I believe if you took some time to read through the forum, you would notice that there is a sister DIY site for those that are not contractors and looking for help tackling a personal project.

That being said, even a 40lb demo hammer is going to go incredibly slow through a 4" slab. It's too difficult to give you a sq/ft per hour but you will be wishing you had a larger jackhammer.


----------



## OknickYo (Feb 11, 2017)

I appreciate your opinion. I will take it into consideration upon purchasing or renting required equipment, your assumptions that I am a DIYer are not required, as a matter of fact I did take some time to read. To the contrary of your thoughts I am a licensed insured active contractor.. the fact that this is a personal project and a field that I've had no particular interest in performing professionally personally should be of little significance.


----------



## Inner10 (Mar 12, 2009)

OknickYo said:


> I appreciate your opinion. I will take it into consideration upon purchasing or renting required equipment, your assumptions that I am a DIYer are not required, as a matter of fact I did take some time to read. To the contrary of your thoughts I am a licensed insured active contractor.. the fact that this is a personal project and a field that I've had no particular interest in performing professionally personally should be of little significance.
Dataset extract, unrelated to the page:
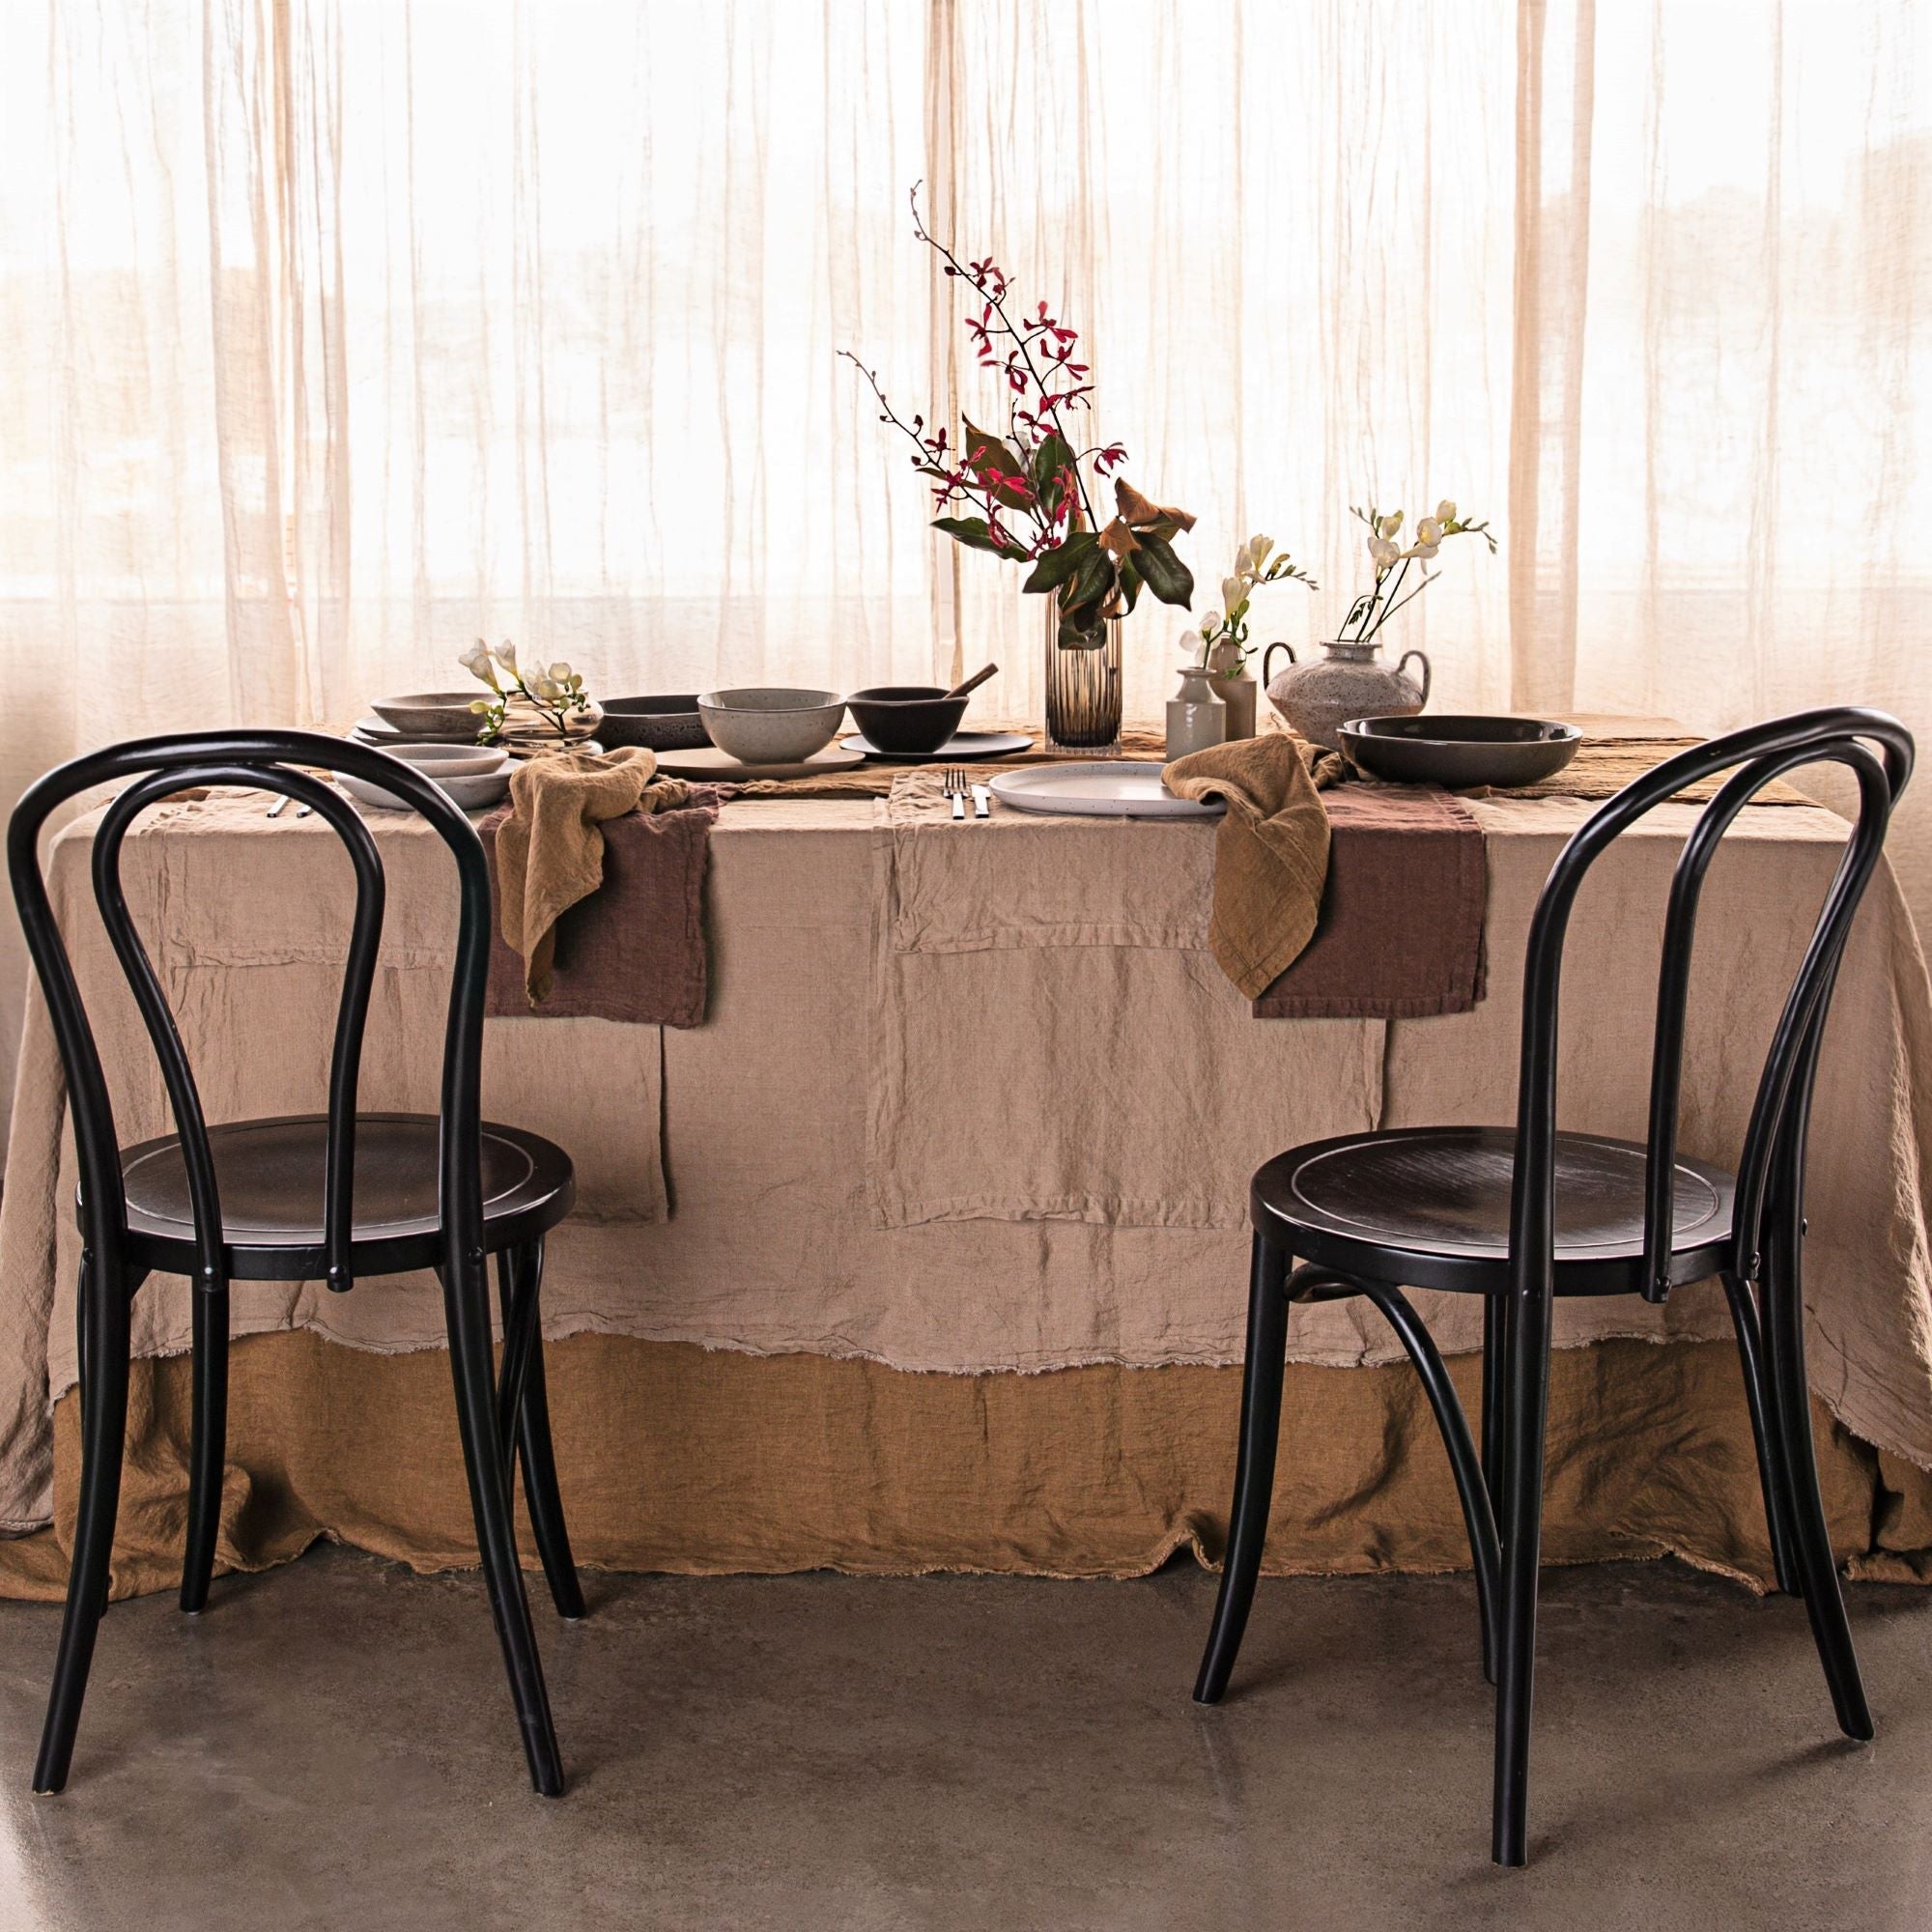 Linen Tablecloth | Caramel Tone  | Hale Mercantile Co.

If you're actually a contractor you know well that some concrete buts up like a shortbread cookie, and some is invincible. 

Bust up 1 square foot then multiply by 600.


----------



## OknickYo (Feb 11, 2017)

This is very true, and well this is the latter of the two! As I was saying though, not my field of expertise.. as I was simply looking for advice from a professional in or near this particular field.. was just trying to get an idea.. wanted to buy a new demo hammer, but renting a large jack seems to be the better option now.. I do appreciate any non critical opinions though.


----------



## Leo G (May 12, 2005)

To many variables. 4" concrete. 2000psi, 4000psi? Lots of aggregate, minimal aggregate? Air infiltrated, fiber infiltrated, normal? 30 years old, 10, 5?


----------



## rustyjames (Aug 28, 2008)

I would just rent a 90 pounder and compressor and knock it out. One guy on the hammer and another loading the chunks.


----------



## griz (Nov 26, 2009)

I've seen some of that old concrete that makes diamonds look soft.
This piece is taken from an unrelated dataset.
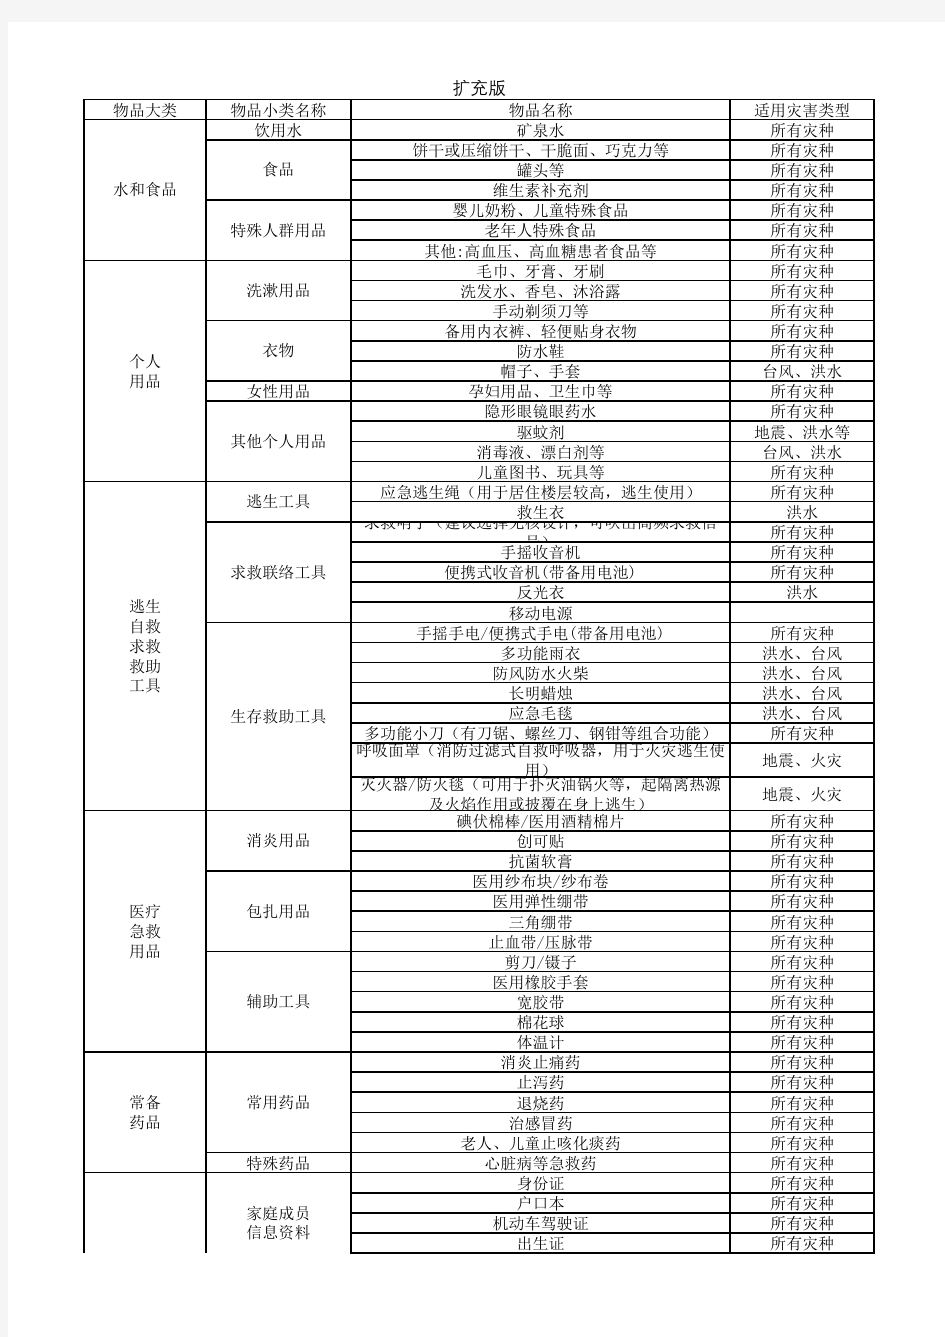 北京市家庭应急物资储备建议清单--基础版及扩充版

quit it with them little chipping hammers...

if you can't get a 90# hammer in there at least use a Bosch Brute...

time is also going to depend how tough the operator is.
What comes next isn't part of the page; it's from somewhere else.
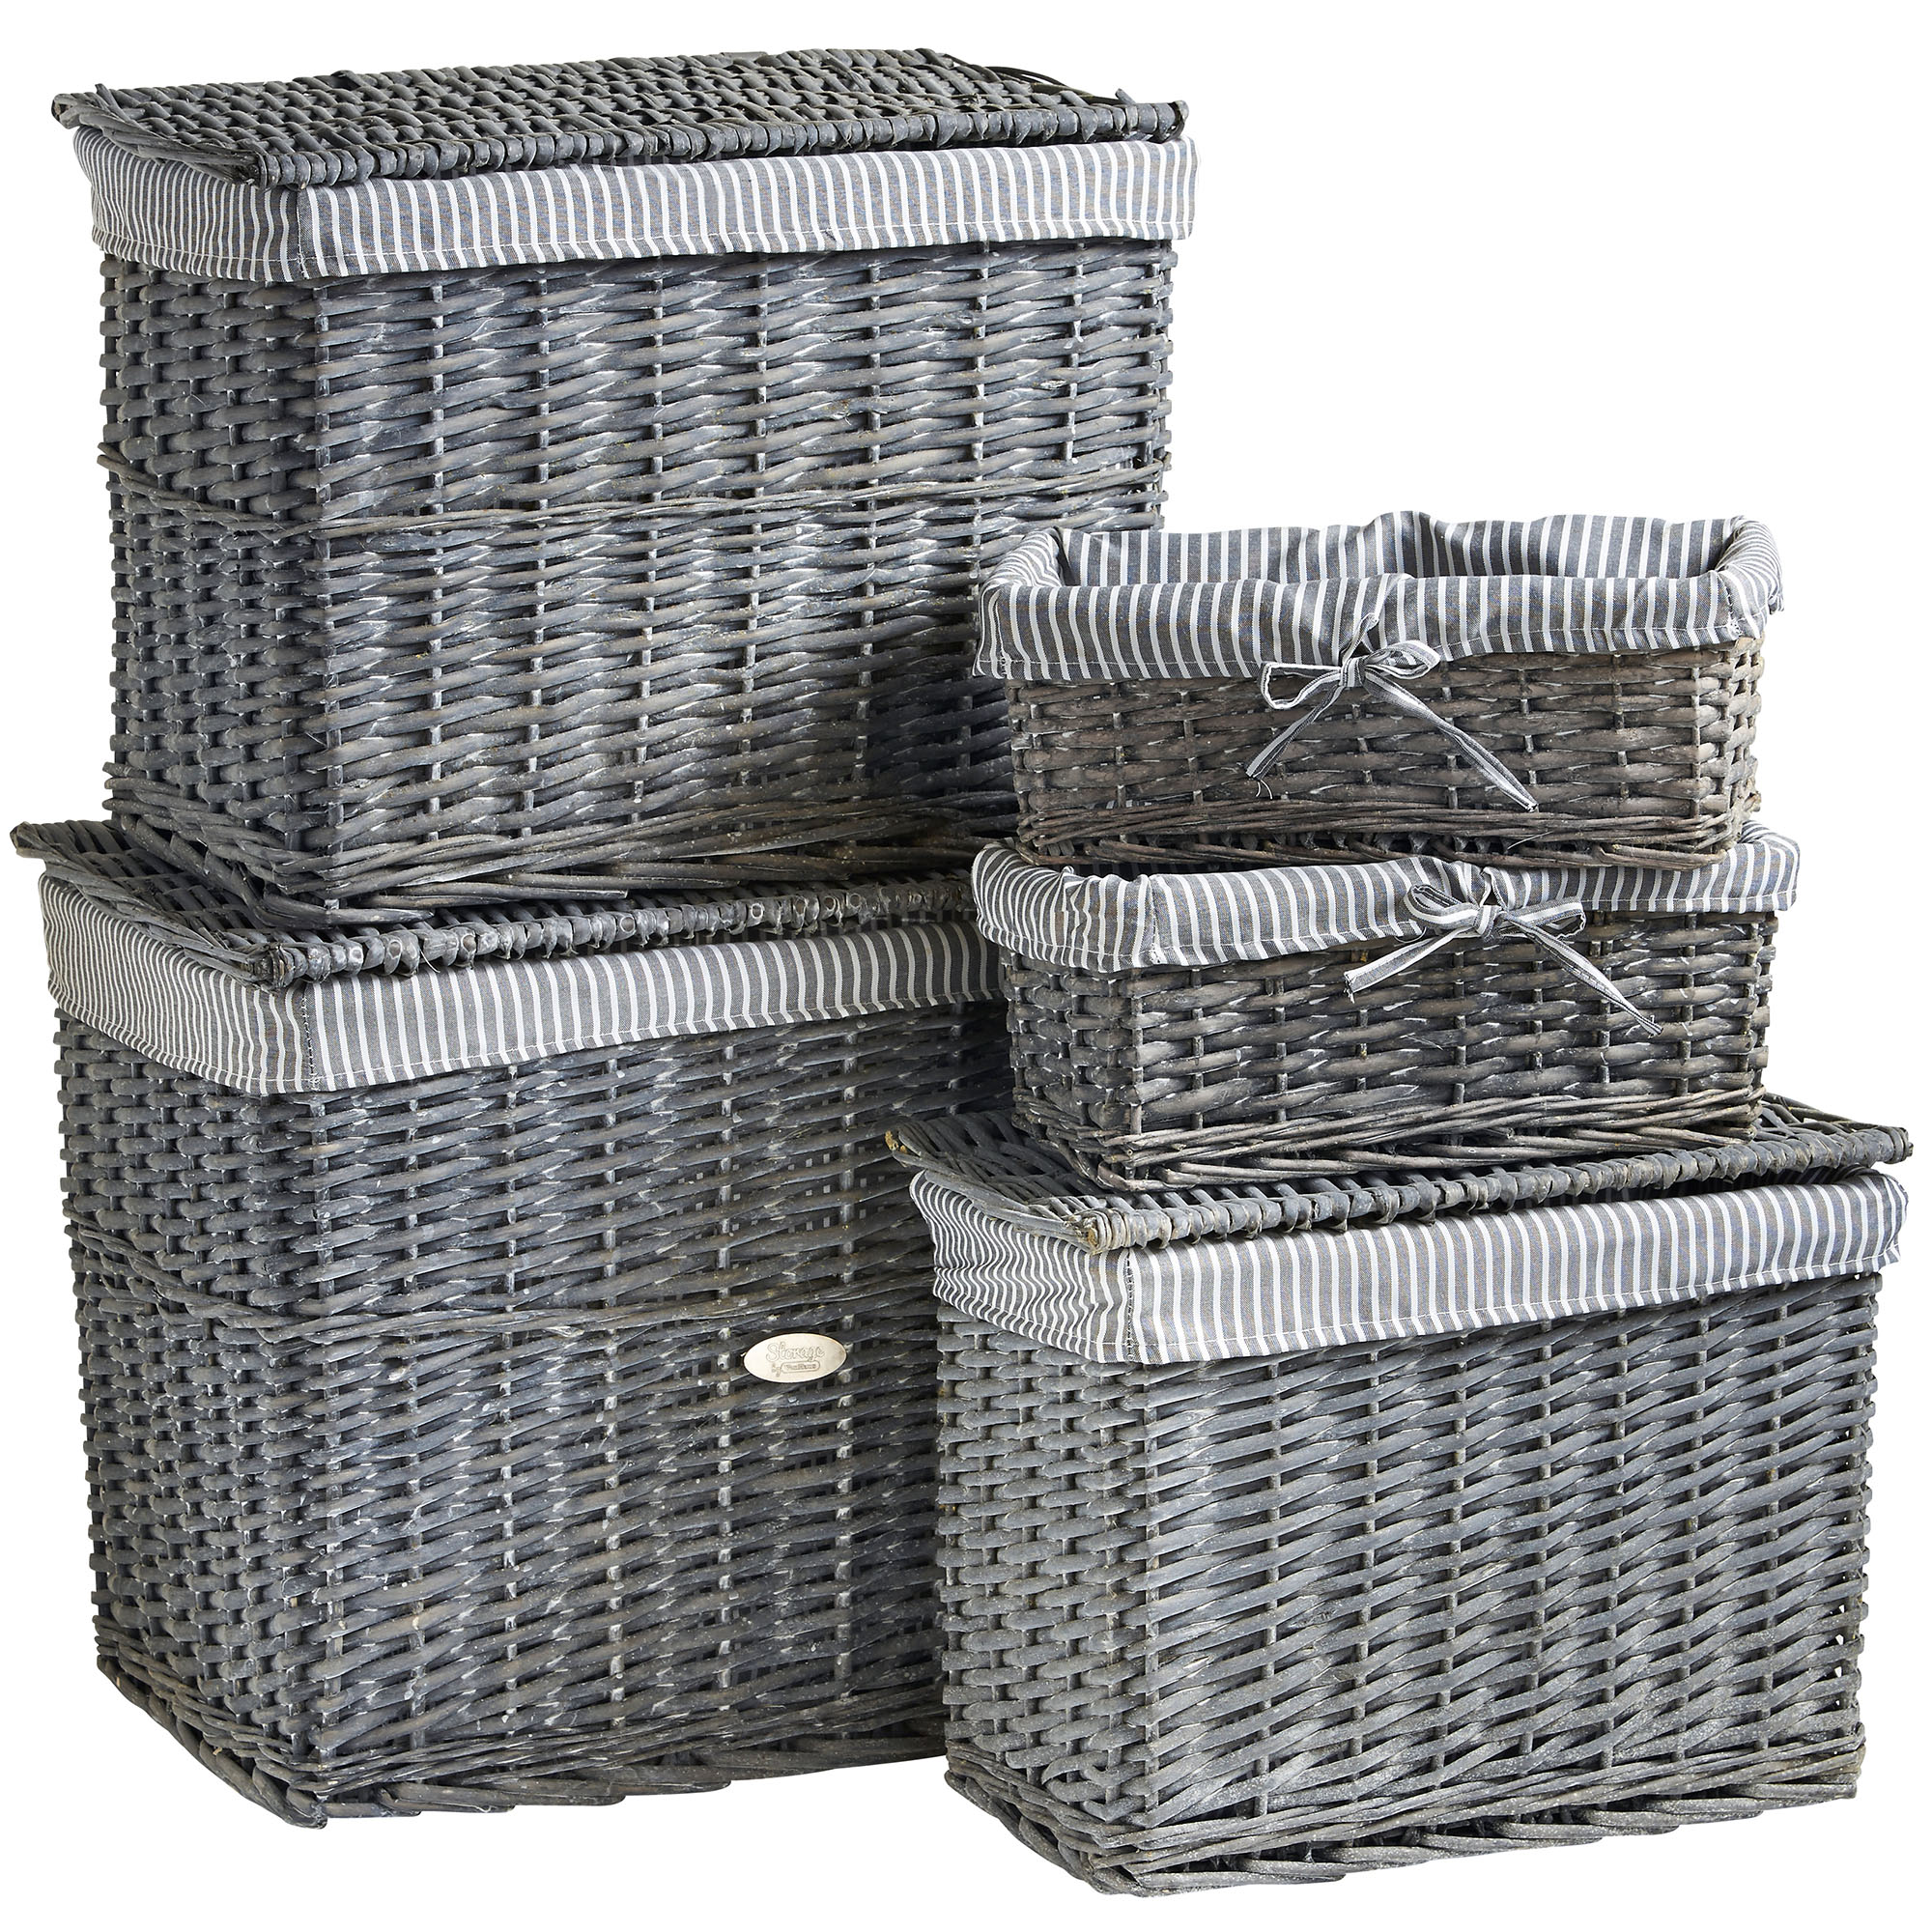 VonHaus 5 Piece Grey Natural Wicker Storage Basket Chest Trunk Hamper

call the folks at dexpan or ecobust to see if they can help.

since you are a contractor things not generally in your wheelhouse are subbed out....


----------



## sunkist (Apr 27, 2012)

OknickYo said:


> This is very true, and well this is the latter of the two! As I was saying though, not my field of expertise.. as I was simply looking for advice from a professional in or near this particular field.. was just trying to get an idea.. wanted to buy a new demo hammer, but renting a large jack seems to be the better option now.. I do appreciate any non critical opinions though.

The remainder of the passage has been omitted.